Still, the Volgograd attacks have demonstrated that a new and powerful entity is emerging in Russia: recent converts to Jihadism. Due to their sheer devotion to the cause, increasingly radical agenda, and lack of connections with their native social backgrounds, they have found the sense of their lives in serving a single noble cause, which has turned their attacks increasingly indiscriminate and lethal. Contrary to North Caucasian jihadists, whose main motivation for suicide terrorism has been a desire to retaliate against wrongdoings inflicted either upon themselves or their families, non-local jihadists have pursued a broader and more elusive agenda of doing what they believe is in the interest of Islam. As such, they are not concerned whether their co-ethnics or fellow believers approve of their terrorist acts.

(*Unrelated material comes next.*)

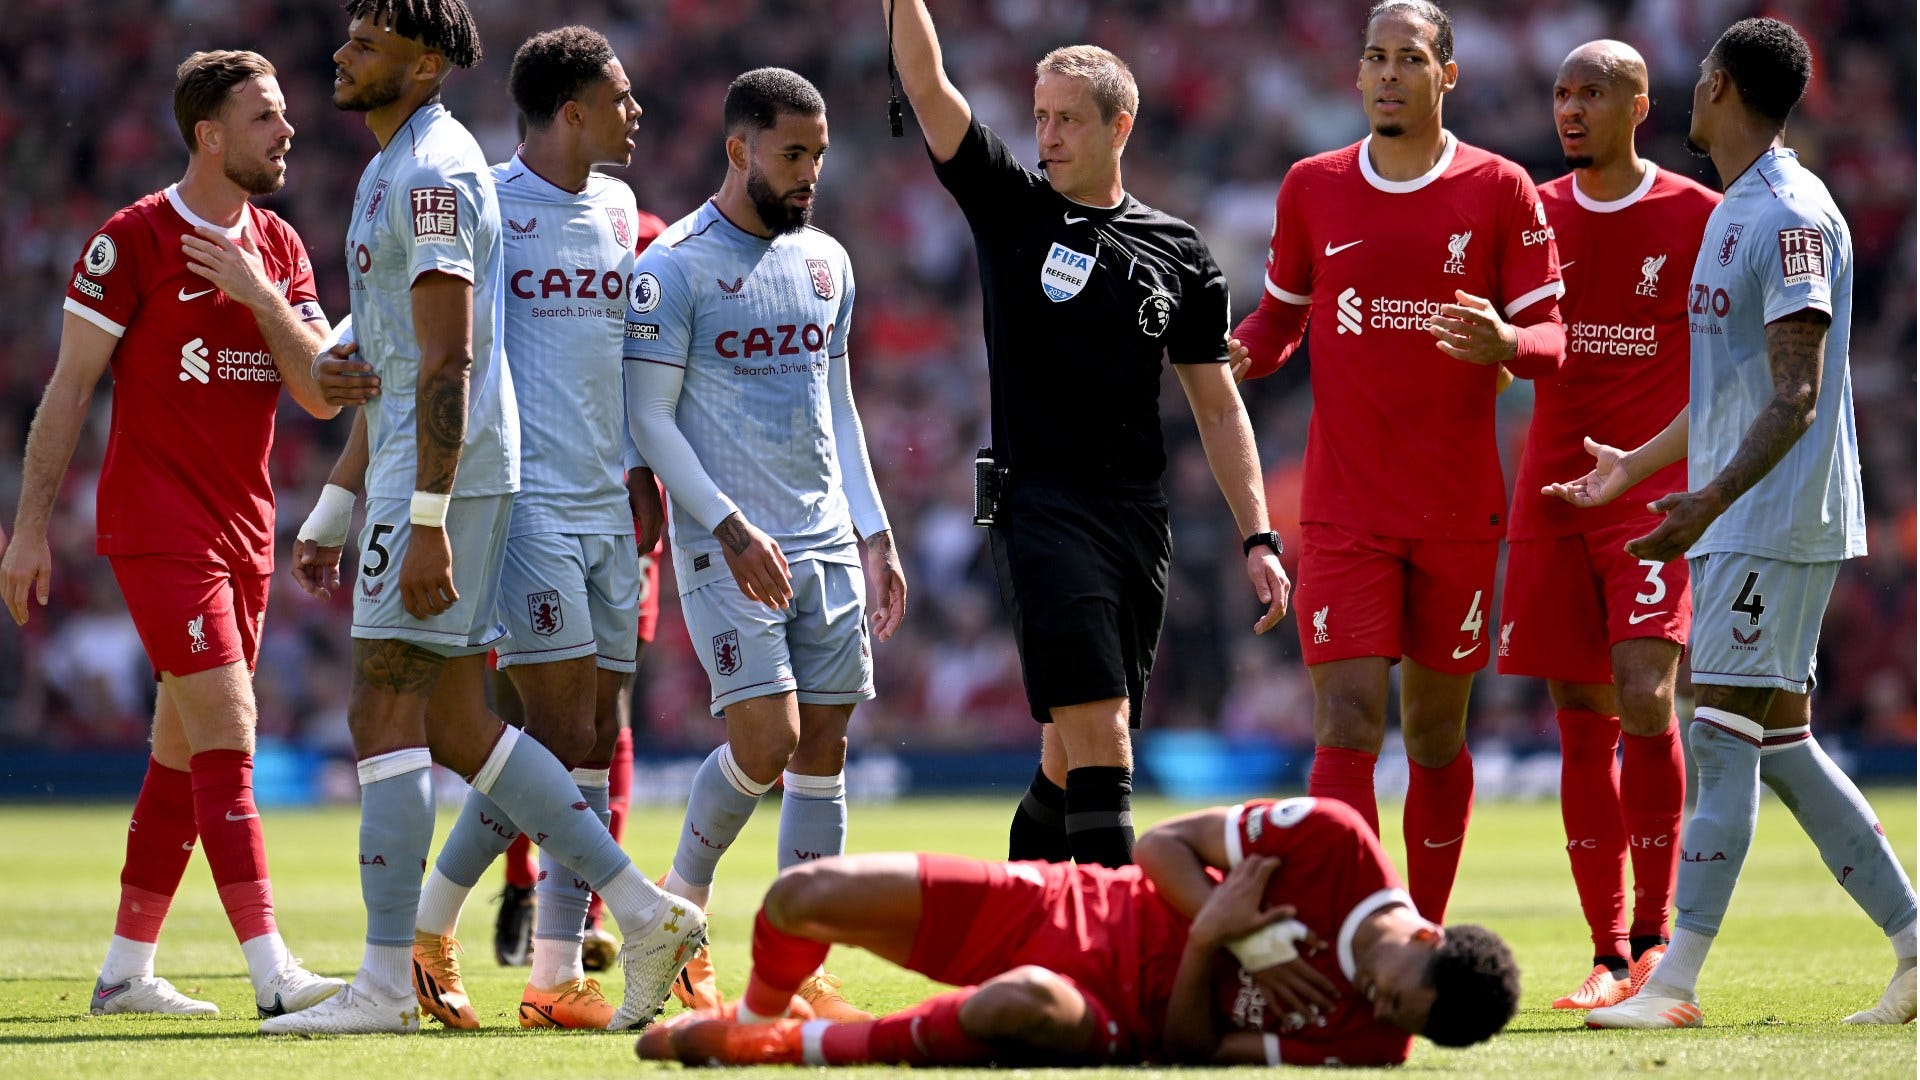 Liverpool left fuming! Reds contact PGMOL over controversial decisions in Aston Villa draw that left Champions League dream in tatters Goal US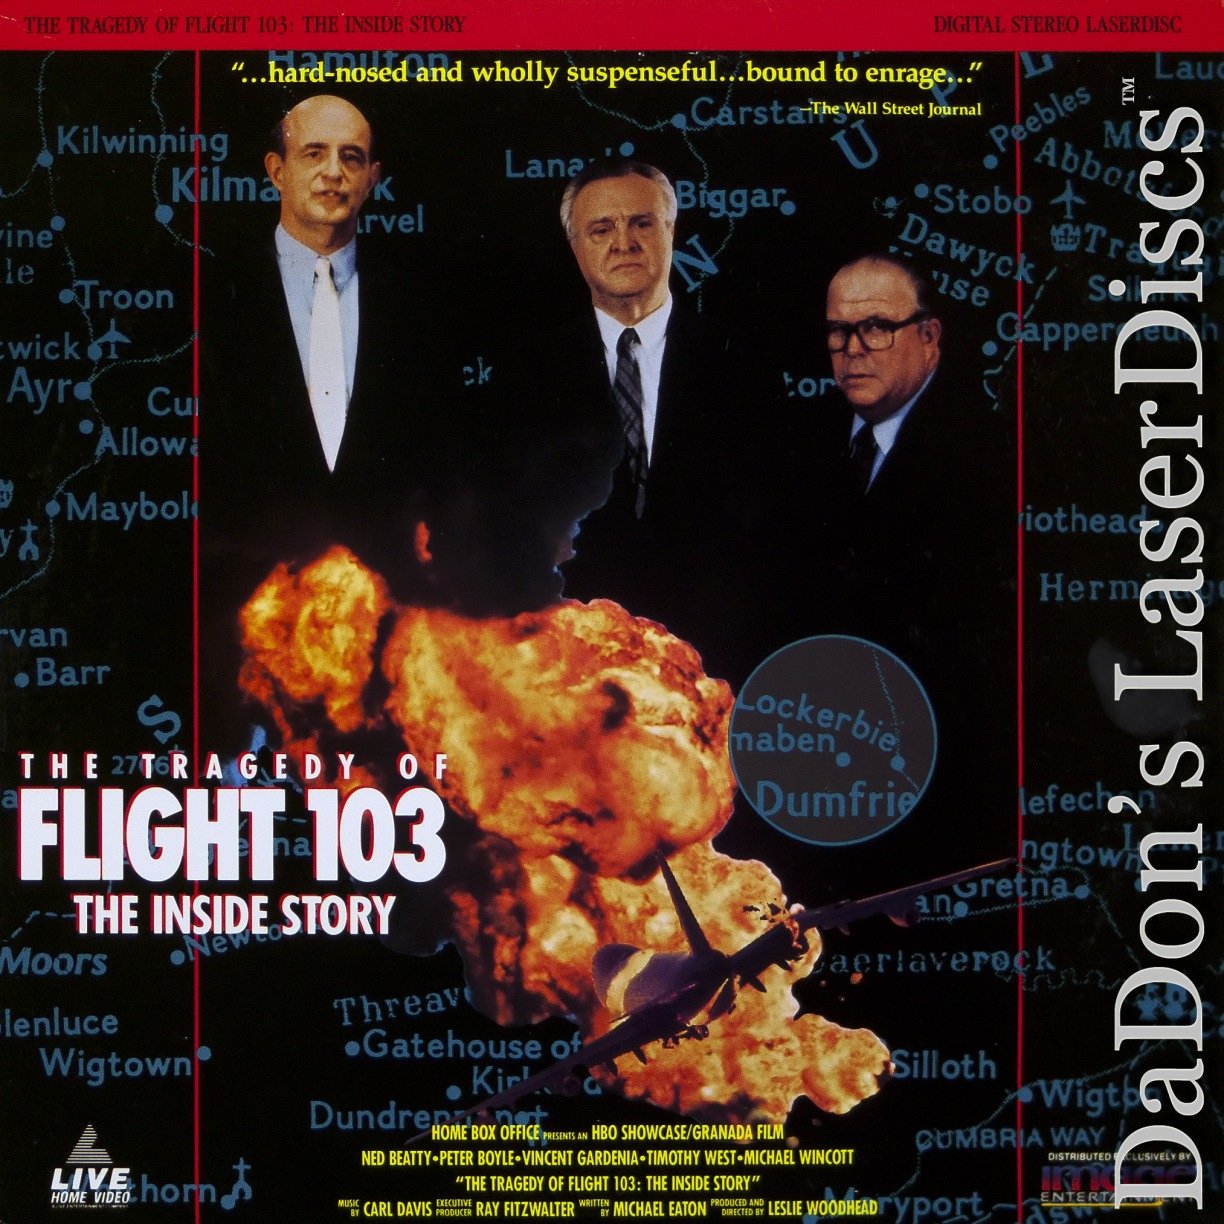 The Tragedy of Flight 103: The Inside Story (1990) Screenshot 1

This, in turn, has boosted the role of imams of Salafi congregations, since the "non-rooted" converts are, as a rule, much more prone to being manipulated because they come from disrupted backgrounds and lack links to local communities. In a parallel with the April 2013 Boston bombings, carried out by two Chechen-Avar brothers, the increasing salience of individual or small-group self-radicalization, for which the use of various freely accessible internet sources, such as YouTube and Islamist forums, has been symptomatic. This scheme of self-radicalization, coupled with the ongoing formation of independent cells within the Jihadist resistance, will likely play an increasing role in the years to come, rendering the task of anticipating the activities of would-be terrorists all the more difficult. This also assigns Russian authorities with the crucial task of properly monitoring the internet-related activities of individuals involved, or sympathetic to, the Jihadist cause.

Importantly, a pattern is being established that involves cooperation between terrorists of a "Slavic" background with North Caucasian – particularly Dagestani – insurgents. The security implications for Russian authorities are magnified by the perspective of a deadly alliance between newly converted non-North Caucasian jihadists and experienced, well-equipped and financed jihadists from the North Caucasus. The movements and contacts of "Slavic" jihadists will raise far less suspicion than Caucasian ones, and cooperation leading to their deployment in areas inside Russia proper would be a huge asset to the insurgency particularly on the eve of the upcoming Olympics.

CONCLUSIONS: The emergence of non-North Caucasian jihadists entails two important consequences: first, the inability of Russian security forces to infiltrate Jihadist cells across the country, and second, their inability to solidly monitor the movements and activities of already known Jihadists. Interestingly, the identities of the three terrorists mentioned in this article, who are believed to have carried out the Volgograd bombings, were known by Russian secret services who had sought to monitor their activities. Still, they proved unable both to trace their location and to anticipate the bombings they carried out. The fact that these persons were able to travel freely across the country, make contact with insurgents, and to obtain explosives, speaks to the unprofessionalism of Russia's secret services.

Even though the Russian authorities’ unprecedented concentration on Sochi in the context of the upcoming Olympics will likely thwart terrorist acts in that city and its vicinity, that same attention seems to have left other Russian areas unprotected, giving the terrorists a chance to attack cities that are just a few hundred kilometers away from the Olympic site. This provides the terrorists with an opportunity to make their case public during as well as after the Sochi Olympics.

AUTHOR'S BIO: Emil Souleimanov is Associate Professor with the Department of Russian and East European Studies, Charles University in Prague, Czech Republic. He is the author of Understanding Ethnopolitical Conflict: Karabakh, Abkhazia, and South Ossetia Wars Reconsidered (Basingstoke: Palgrave Macmillan, 2013) and An Endless War: The Russian-Chechen Conflict in Perspective (Frankfurt am Main: Peter Lang, 2007).